Search for a command to run...

Timestamps are as accurate as they can be but may be slightly off. We encourage you to listen to the full context.
In this episode, Nathan explores Polish AI sovereignty with Marek Kozlowski, head of the AI Lab at Poland's National Information Processing Institute. Marek discusses Project PLLuM (Polish Large Language Models), which aims to create smaller, localized AI models that compete with frontier models by focusing on Polish language, culture, and values. (03:17) The conversation delves into how 90% of training data for major models is English and Chinese, leaving Polish with only about 1% representation. (08:24) Marek explains their strategy of language adaptation on base models like LLaMA and Mistral, combined with organic human-curated instruction data, to achieve competitive performance for Polish use cases while maintaining transparency, sovereignty, and cost advantages.

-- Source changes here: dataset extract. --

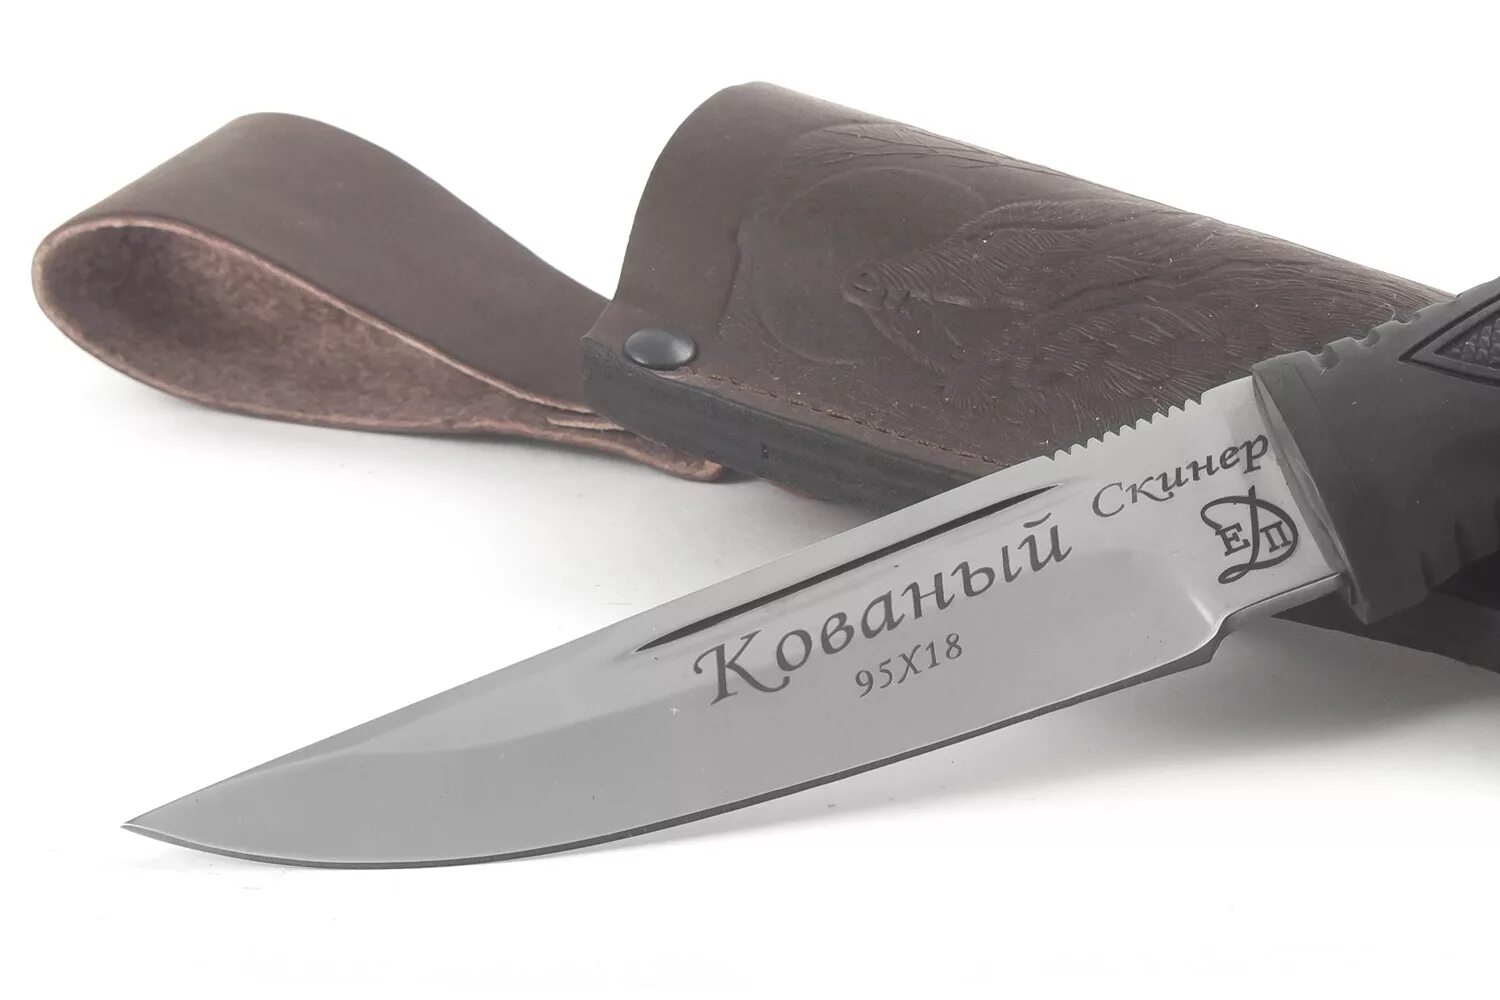 Купить нержавеющий нож. Сталь ножевая в038. Нож Ch 3533 сталь. Нож складной МЕДТЕХ сталь 95х18. Сталь ножа 011а.

• Main themes: AI sovereignty through localized models, regulatory challenges in the EU, the technical approach of language adaptation, and the strategic importance of maintaining national AI capabilities
Marek Kozlowski serves as head of the AI Lab at Poland's National Information Processing Institute, where he leads Project PLLuM (Polish Large Language Models). He spearheads Poland's national AI sovereignty initiative, focusing on developing transparent, locally-controlled AI models adapted for Polish language and culture. His work involves coordinating a consortium of six to eight institutes and universities funded by Poland's Ministry of Digital Affairs to create competitive alternatives to global AI models.
Rather than competing directly with frontier models on general capabilities, Poland's strategy focuses on creating smaller, domain-specific models that excel in Polish language and cultural contexts. (05:11) Marek argues that for specific business and government use cases, a well-trained 8B parameter model can match the performance of much larger cloud-based models when fine-tuned for particular tasks. This approach offers better cost control, data privacy, and regulatory compliance while serving actual user needs more effectively than general-purpose models.
The PLLuM project uses "language adaptation" - continuing pre-training of base models like LLaMA on Polish text corpora. (59:40) This technique maintains the model's existing capabilities in other languages and domains while significantly improving Polish language understanding and cultural knowledge. Though some forgetting occurs, the models retain competency in English and other areas while gaining native-level fluency in Polish idioms, cultural references, and domain-specific knowledge.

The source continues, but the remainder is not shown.